Example: Suppose there are 3 houses and the colours [1, 1, 1], which means all the houses are coloured blue. If the Mayor repaints the second house to red, we will have the colours as [1, 0, 1]. We can see that all the neighbours will be happy. Hence, the minimum number of houses to be repainted is 1.
Detailed explanation ( Input/output format, Notes, Images )
Input Format:
The first line contains ‘T’, denoting the number of test cases.
The first line of each test case contains two integers, ‘N’ denoting the number of houses.
The second line of each test case contains an array ‘color’ containing ‘N’ space-separated integers.
For each test case, print a single integer, denoting the minimum number of houses that need to be repainted.

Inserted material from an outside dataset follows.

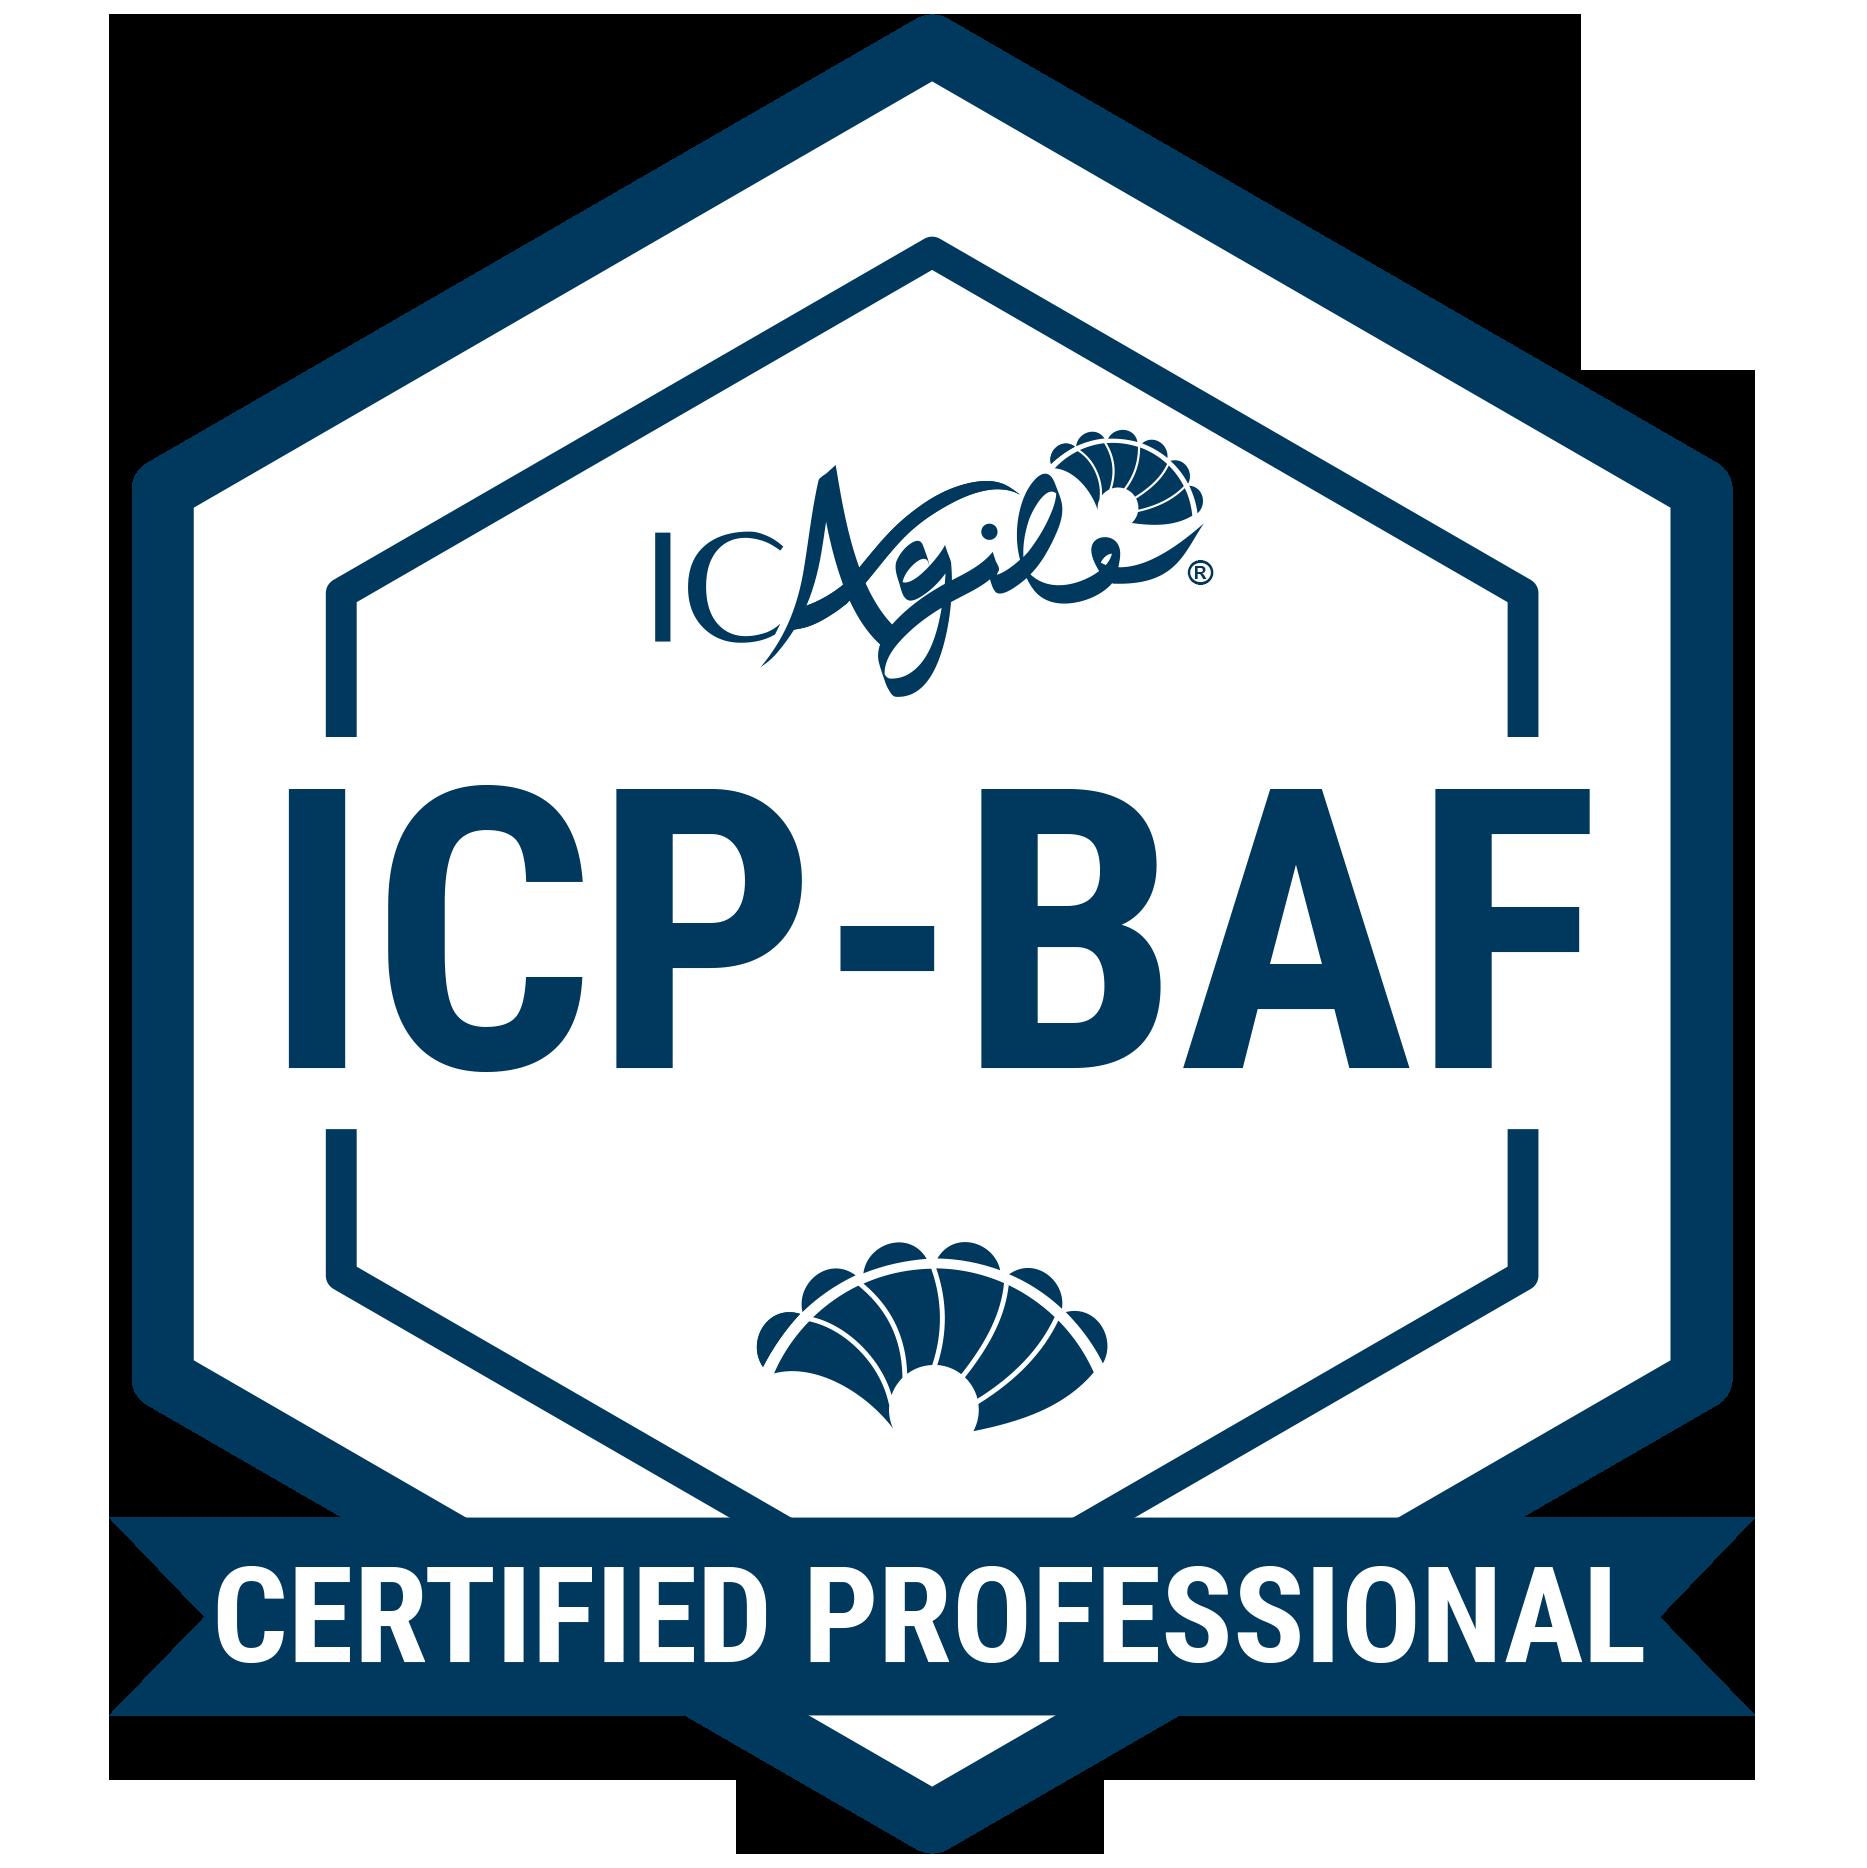 ICP-BAF badge

You are not required to print the expected output. It has already been taken care of. Just implement the function.
Constraints:
1 <= T <= 10
1 <= N <= 10^5
0 <= color[i] <= 1
Time Limit: 1 sec
Sample Input 1:
2
4
1 0 0 1
2
1 0
Sample Output 1:
2
0
Explanation for Sample Input 1:
In the first test case, the colours are [1, 0, 0, 1]. If we change the colours of the third and fourth houses, the colours will then be [1, 0, 1, 0]. Hence, the minimum number of houses to be repainted is 2.
In the second test case, we can see that all the residents are already happy. Hence, we do not need to repaint any house.
Sample Input 2:
2
2
1 1
5
1 1 1 1 1
Sample Output 2:
1
2
Hint
Hint 1
Can we find a pattern of how the final colours will look like?
Approaches (1)
Approach 1
Greedy
If we closely look at the pattern of houses, we can see that the colours will have to be alternate with only the starting colour deciding all the other colours. Hence, the colours will be either [0, 1, 0, … ] or [1, 0, 1, …]. We will try making both the patterns and return the minimum value.
The steps are as follows:
- Initialise Two variables ‘count1’ and ‘count2’ to 0, denoting the minimum houses to be repainted to get the first and second patterns, respectively.
- Traverse from i = 0 to i = ‘N - 1’.
- If the colour of the colour[i] does not match according to the first pattern.
- Increment ‘count1’.
- If the colour of the colour[i] does not match according to the second pattern.
- Increment ‘count2’.
- If the colour of the colour[i] does not match according to the first pattern.
- Return min(count1, count2).
Time Complexity
O(N), where ‘N’ is the number of houses.
There are two final color patterns, and we are checking both of them using a single traversal. Hence, the overall complexity is O(N).
Space Complexity
O(1).
We are using constant space.
Code Solution
(100% EXP penalty)
Happy Residents
C++ (g++ 5.4)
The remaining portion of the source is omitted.